L’Assoforum E ora più spazio alle piccole e medie imprese nell’opera di rilancio della città

C’erano tantissimi imprenditori all’incontro organizzato dall’Assoforum con il sindaco Gianni Alemanno nel roof garden di un albergo con vista sul Cupolone. A fare gli onori di casa il presidente Potito Salatto affiancato dalla signora Stefania, vera regista della serata, e alcuni degli animatori delle ottanta associazioni di volontariato confederate nell’Assoforum, come Francesco Saponaro ex assessore alle attività produttive, ora nel gruppo misto della Regione; il vicepresidente del Consiglio regionale Bruno Prestagiovanni; il responsabile del settore Industria di Forza Italia Pierluigi Borghini, già candidato sindaco per il centrodestra a Roma e molti altri nomi noti nel settore delle telecomunicazioni, del credito, delle assicurazioni. E poi tanti professionisti, medici, docenti, sindacalisti, artigiani. Insomma «un vero spaccato della cosiddetta società civile», come ha tenuto a precisare lo stesso Salatto, facendo notare che anche il ruolo dei personaggi che ricoprono incarichi politici, viene considerato in Assoforum secondario rispetto al loro impegno civile nel terzo settore.
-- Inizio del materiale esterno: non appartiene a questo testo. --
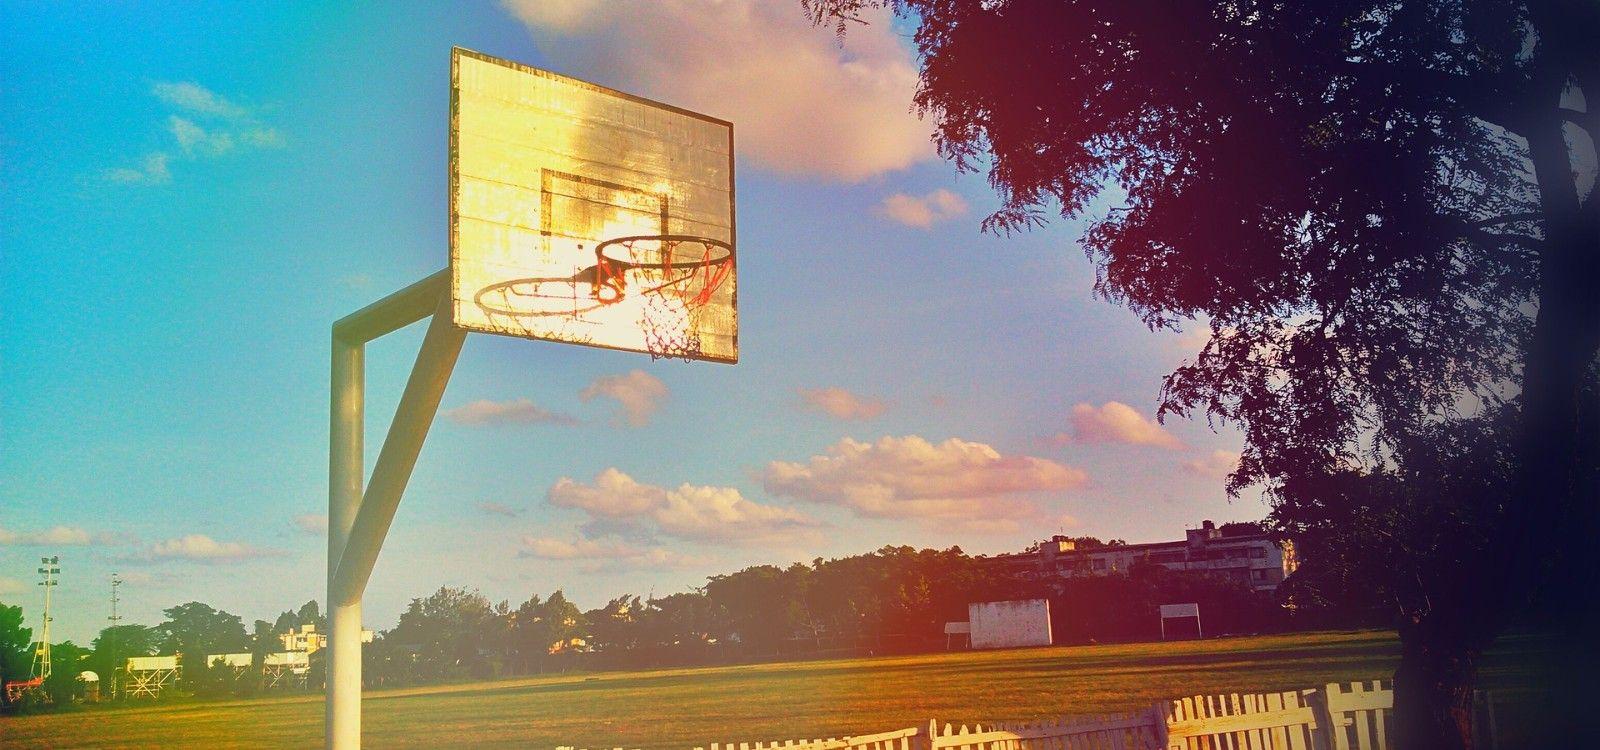 Basketball Hoop with Sun

Salatto ha lanciato un appello ad Alemanno da parte dei tanti piccoli e medi imprenditori romani che da sempre costituiscono la spina dorsale dell’economia capitolina e che ora scalpitano in attesa di essere coinvolti nella grande operazione di rilancio della città che il sindaco ha cominciato a portare avanti. Ricordando un fortunato slogan della campagna elettorale vincente del centrodestra, Potito Salatto ha auspicato di «potere, presto, far stampare nuovi manifesti con su scritto «Roma cambia» con un bel punto esclamativo a seguire.
Alemanno, dal canto suo, ha preso la palla al balzo spiegando che una delle direttrici lungo le quali si sta muovendo la sua amministrazione è proprio quella di cercare di coinvolgere al massimo, nell’opera di risanamento, rilancio e sviluppo della città, innanzitutto le piccole e medie imprese. A questo proposito, il primo cittadino, citando il consigliere comunale Giovanni Quarzo, della commissione lavori pubblici, ha ricordato la recentissima decisione di rivedere il cosiddetto maxi-appalto per la manutenzione pluriennale di 800 chilometri di strade e piazze cittadine che la giunta Veltroni aveva affidato a un consorzio guidato dal gruppo Romeo. «Proprio stasera - ha detto Alemanno - ho firmato una ordinanza con la quale cercheremo di assicurare una continuità di interventi nella riparazione delle buche la cui situazione si è aggravata con gli ultimi nubrifragi». L’intenzione della giunta capitolina è quella dividere il maxi-appalto in almeno cinque o sei lotti per consentire la partecipazione alavori anche di imprese piccole e medie, nell’interesse degli utenti e dell’intera collettività».